Court of Appeals of Indiana, Third District
Mar 28, 1974
308 N.E.2d 727 (Ind. Ct. App. 1974)

Opinion


308 N.E.2d 727 (Ind.App. 3 Dist. 1974) PRUDENTIAL INSURANCE COMPANY OF AMERICA, Plaintiff-Appellant, v. Duane L. WINANS, Defendant-Appellee. No. 3-1272A103. Court of Appeals of Indiana, Third District. March 28, 1974

        Rehearing Denied May 28, 1974. Opinion Superseded 325 N.E.2d 204.

       William E. Harris and Ronald L. Sowers of Torborg, Miller, Moss, Harris s&sSowers, Fort Wayne, for plaintiff-appellant.

       John C. Thrapp of Thrapps&sThrapp, Kendallville, Phil M. McNagny, Jr., of Gates, Gatess&sMcNagny, Columbia City, for defendant-appellee.

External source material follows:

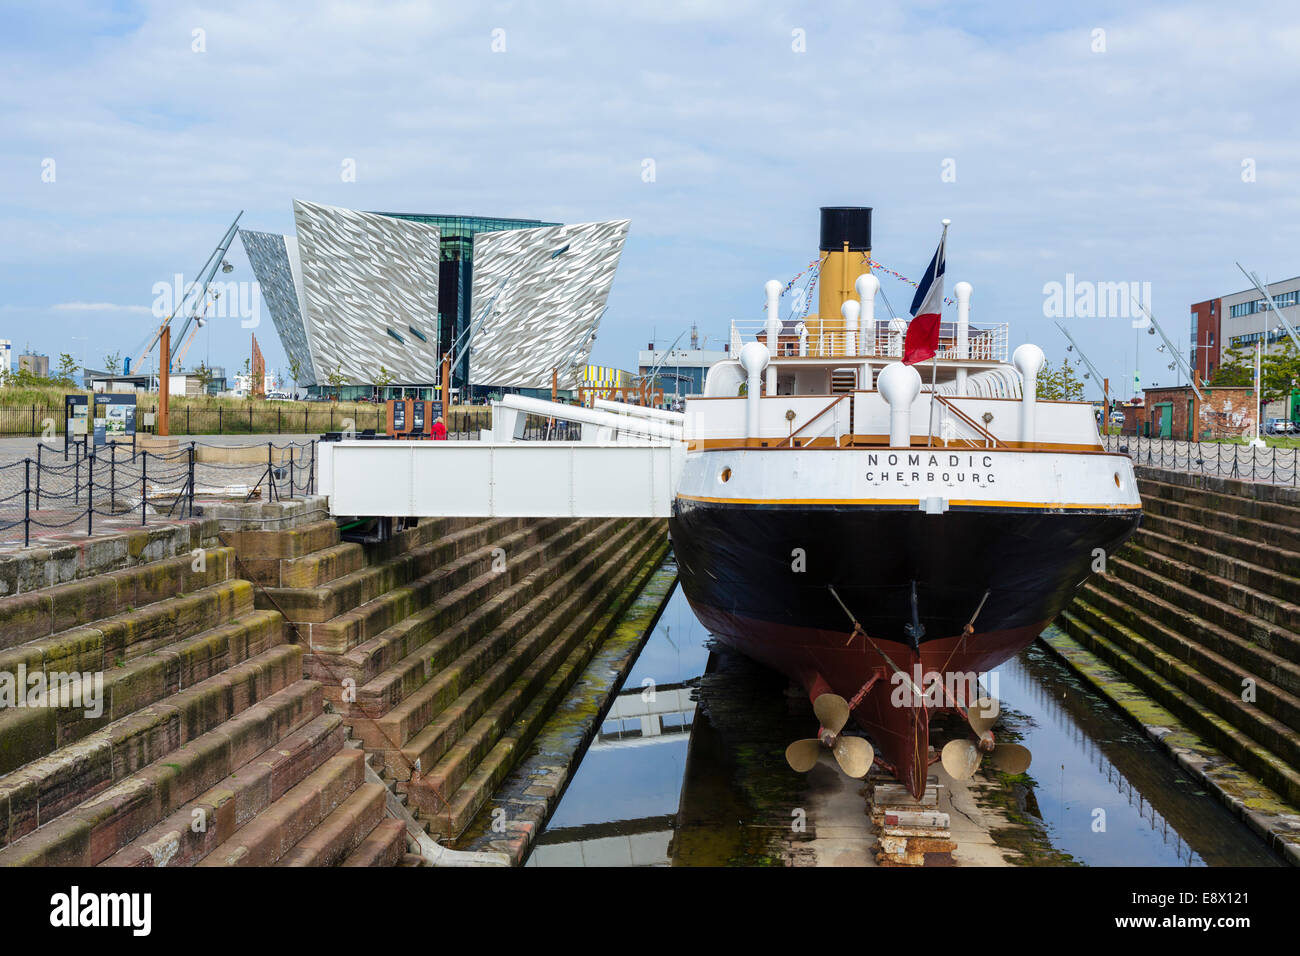 L'offre de navires à vapeur SS Nomadic avec Titanic Belfast museum derrière, Titanic Quarter, Belfast, Irlande du Nord, Royaume-Uni Banque D'Images

       HOFFMAN, Chief Judge.

       This is an appeal by plaintiff-appellant The Prudential Insurance Company of America (Company) for reversal of a judgment against the Company on its amended complaint and in favor of defendant-appellee Duane L. Winans (Winans) on his counterclaim. The Company sued to rescind and cancel an insurance policy issued to Winans alleging that the application for the insurance contained certain material misrepresentations of fact.

       The facts and inferences most favorable to Winans to be drawn from the evidence presented at trial are that Winans applied for medical insurance with the Company. In response to questions on the Company's application form, and after consultation with its agent while filing out the form, Winans answered that he had a history of stomach problems, including ulcer surgery, but that he had made a 'complete recovery.' He wholly omitted reference to a hospitalization for diagnostic tests and consultations with doctors relating to stomach discomfort, because he had been advised that he was not ill.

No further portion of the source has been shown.